Supplied material:
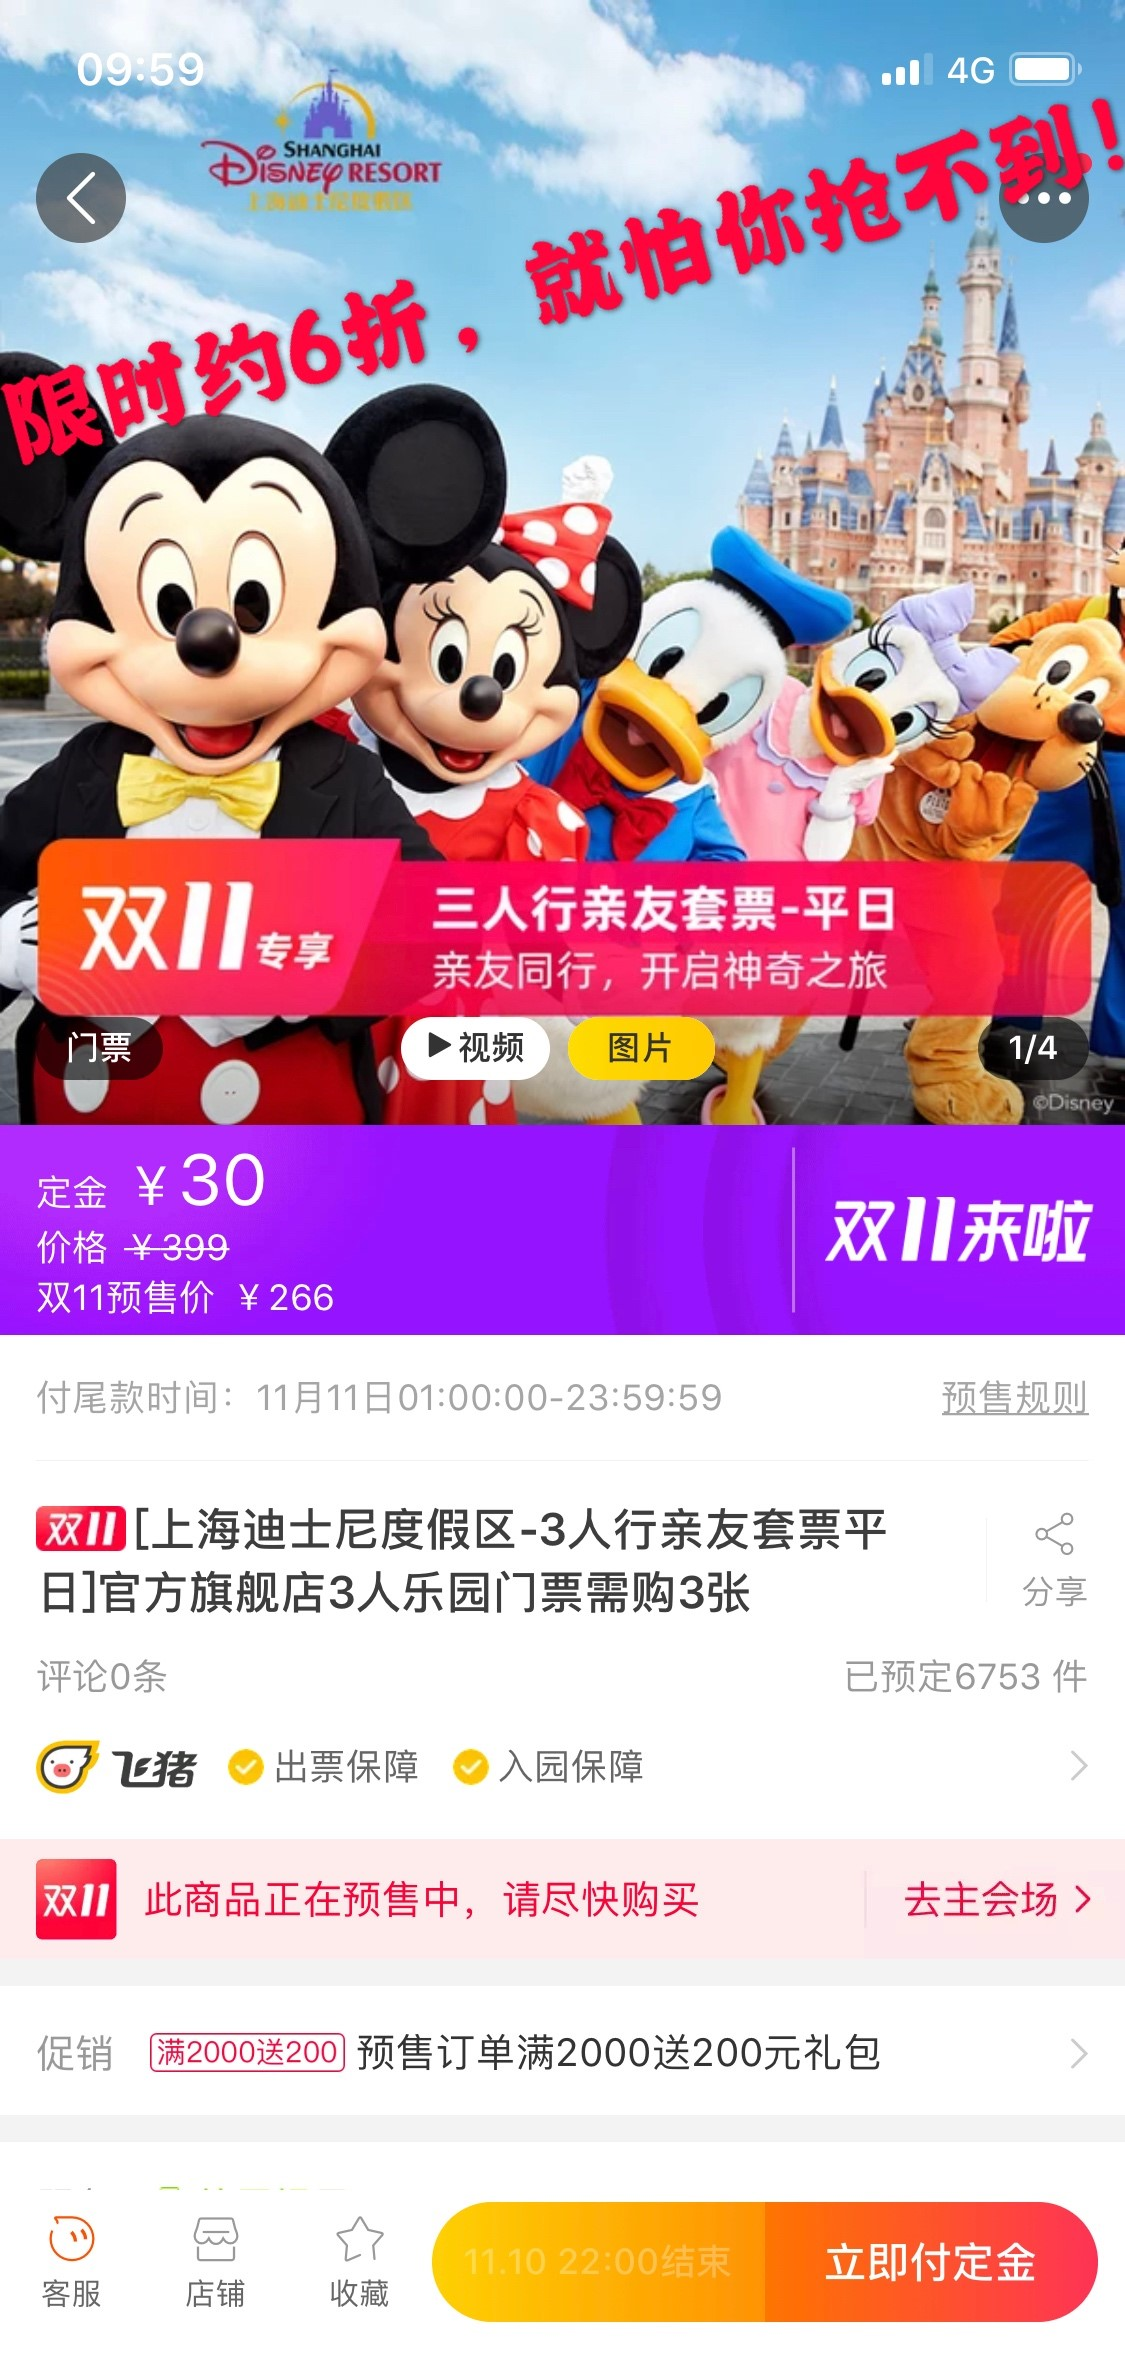 http://www.shangoudaohang.com/nongcun/228367.html
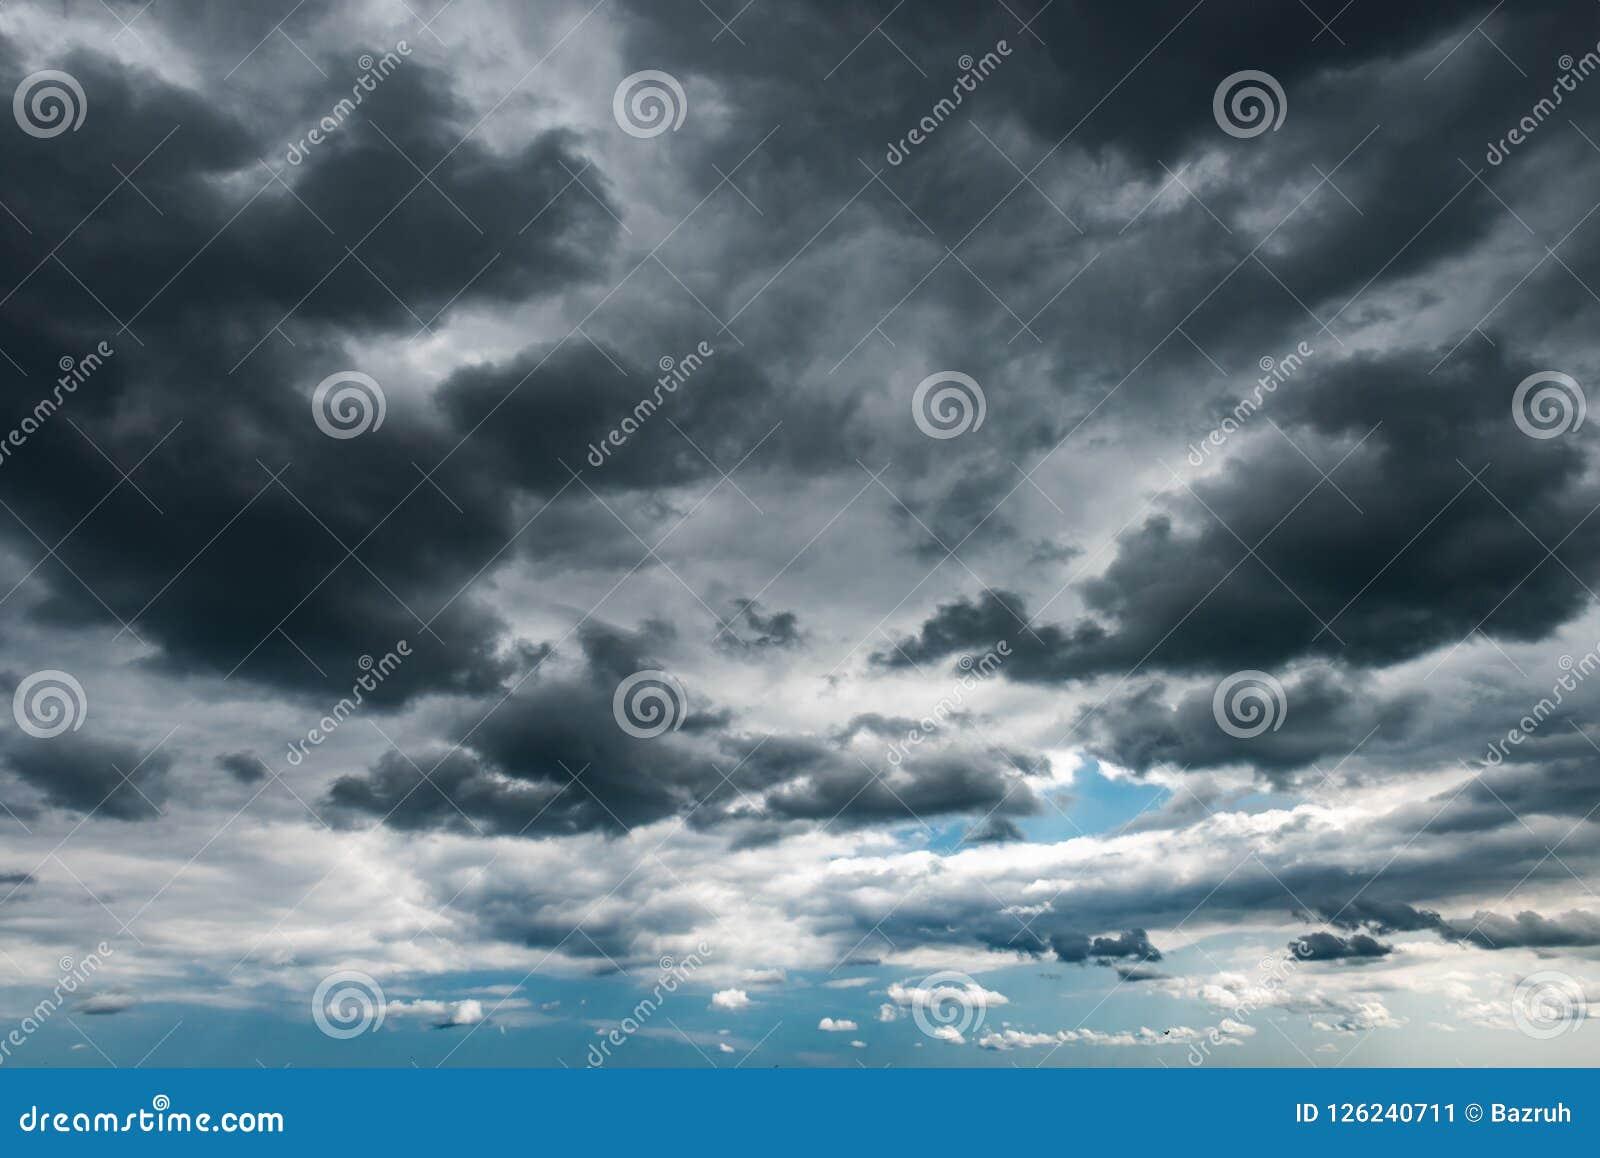 Donkere onweerswolken op de hemel
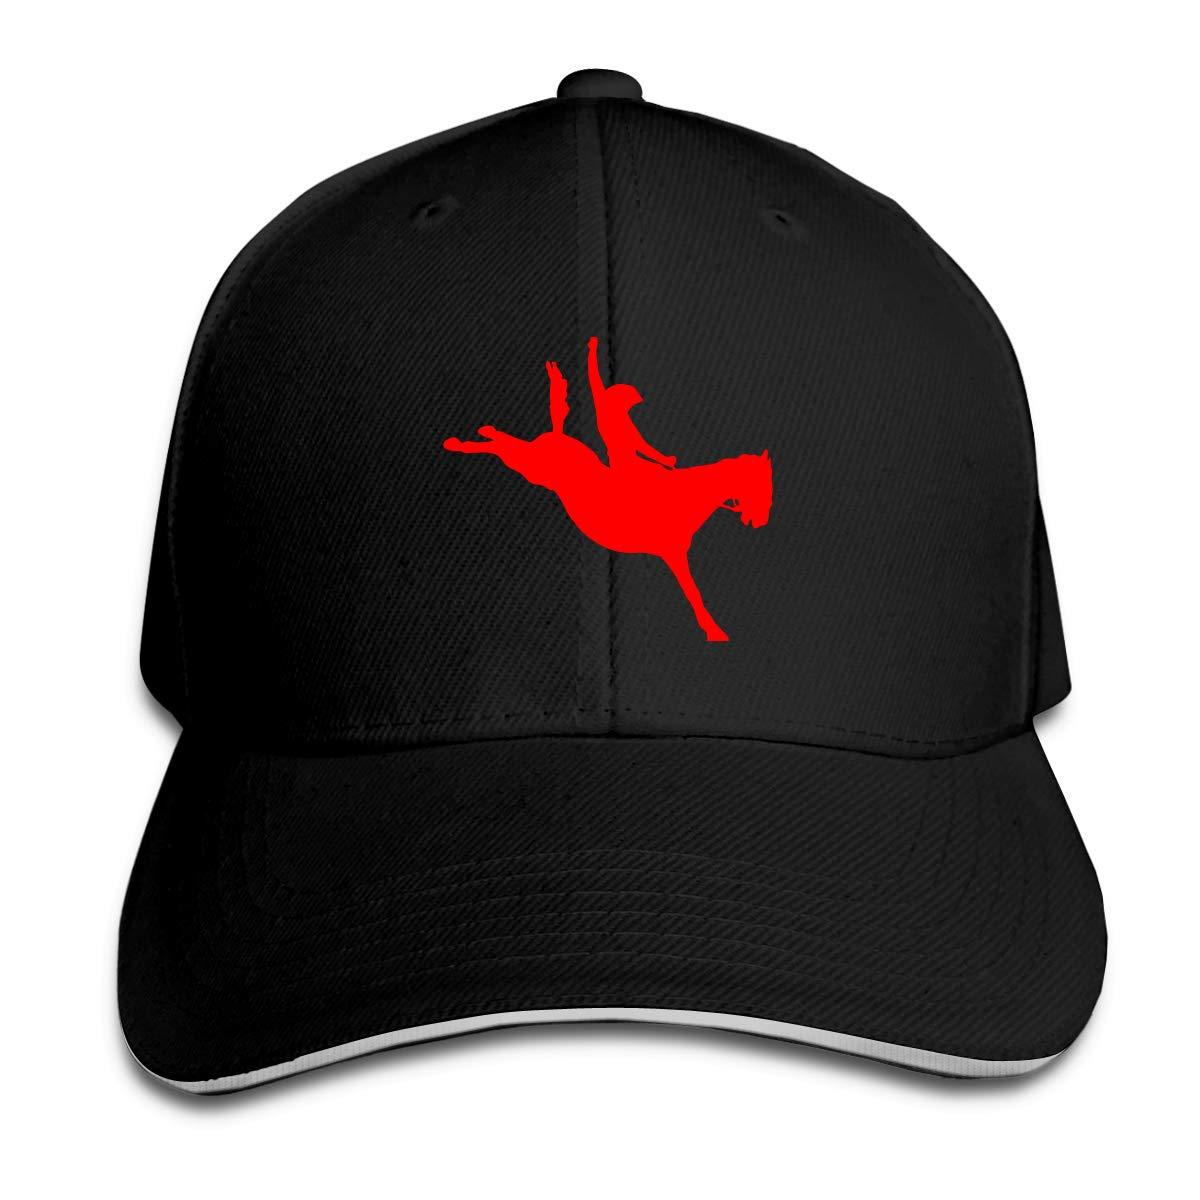 Cowboy Horse Rider2 Outdoor Snapback Sandwich Cap Adjustable Baseball Hat Street Rapper Hat

Assigned task: Reproduce all lines above exactly. Leave the images out.

Output of the task:
 http://www.shangoudaohang.com/nongcun/228367.html
 Donkere onweerswolken op de hemel
 Cowboy Horse Rider2 Outdoor Snapback Sandwich Cap Adjustable Baseball Hat Street Rapper Hat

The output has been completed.